▶ Directions:
Below are the records; restate word for word the lines from the first through the one containing "Mandarin-English ScholarMate website", and only those.
[Start of Attachment]
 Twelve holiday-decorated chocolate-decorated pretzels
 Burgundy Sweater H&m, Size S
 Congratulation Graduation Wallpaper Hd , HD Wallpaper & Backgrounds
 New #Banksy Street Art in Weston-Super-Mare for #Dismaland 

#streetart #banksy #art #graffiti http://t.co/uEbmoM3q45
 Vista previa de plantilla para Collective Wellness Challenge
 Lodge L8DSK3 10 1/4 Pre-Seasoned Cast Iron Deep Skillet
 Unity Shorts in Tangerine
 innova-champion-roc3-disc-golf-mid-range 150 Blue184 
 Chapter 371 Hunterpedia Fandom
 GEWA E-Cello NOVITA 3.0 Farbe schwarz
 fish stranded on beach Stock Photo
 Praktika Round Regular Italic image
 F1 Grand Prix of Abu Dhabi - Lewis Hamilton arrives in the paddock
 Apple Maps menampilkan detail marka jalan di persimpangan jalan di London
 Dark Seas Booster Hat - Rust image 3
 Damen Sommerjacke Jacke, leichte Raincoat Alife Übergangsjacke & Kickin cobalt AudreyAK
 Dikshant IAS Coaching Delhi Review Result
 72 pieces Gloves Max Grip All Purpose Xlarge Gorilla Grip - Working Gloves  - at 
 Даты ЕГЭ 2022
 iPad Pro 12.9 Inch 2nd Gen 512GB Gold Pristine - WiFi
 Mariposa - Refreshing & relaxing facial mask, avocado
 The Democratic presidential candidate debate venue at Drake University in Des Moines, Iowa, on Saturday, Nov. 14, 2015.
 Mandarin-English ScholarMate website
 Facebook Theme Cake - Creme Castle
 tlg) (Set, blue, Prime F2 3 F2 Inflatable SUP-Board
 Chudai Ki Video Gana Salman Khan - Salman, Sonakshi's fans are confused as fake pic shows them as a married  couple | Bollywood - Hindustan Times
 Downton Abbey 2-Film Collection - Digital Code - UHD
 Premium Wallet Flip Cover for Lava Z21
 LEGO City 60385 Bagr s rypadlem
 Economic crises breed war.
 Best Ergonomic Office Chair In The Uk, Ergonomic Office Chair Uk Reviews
[End of Attachment]
▶ Solved exercise:
 Twelve holiday-decorated chocolate-decorated pretzels
 Burgundy Sweater H&m, Size S
 Congratulation Graduation Wallpaper Hd , HD Wallpaper & Backgrounds
 New #Banksy Street Art in Weston-Super-Mare for #Dismaland 

#streetart #banksy #art #graffiti http://t.co/uEbmoM3q45
 Vista previa de plantilla para Collective Wellness Challenge
 Lodge L8DSK3 10 1/4 Pre-Seasoned Cast Iron Deep Skillet
 Unity Shorts in Tangerine
 innova-champion-roc3-disc-golf-mid-range 150 Blue184 
 Chapter 371 Hunterpedia Fandom
 GEWA E-Cello NOVITA 3.0 Farbe schwarz
 fish stranded on beach Stock Photo
 Praktika Round Regular Italic image
 F1 Grand Prix of Abu Dhabi - Lewis Hamilton arrives in the paddock
 Apple Maps menampilkan detail marka jalan di persimpangan jalan di London
 Dark Seas Booster Hat - Rust image 3
 Damen Sommerjacke Jacke, leichte Raincoat Alife Übergangsjacke & Kickin cobalt AudreyAK
 Dikshant IAS Coaching Delhi Review Result
 72 pieces Gloves Max Grip All Purpose Xlarge Gorilla Grip - Working Gloves  - at 
 Даты ЕГЭ 2022
 iPad Pro 12.9 Inch 2nd Gen 512GB Gold Pristine - WiFi
 Mariposa - Refreshing & relaxing facial mask, avocado
 The Democratic presidential candidate debate venue at Drake University in Des Moines, Iowa, on Saturday, Nov. 14, 2015.
 Mandarin-English ScholarMate website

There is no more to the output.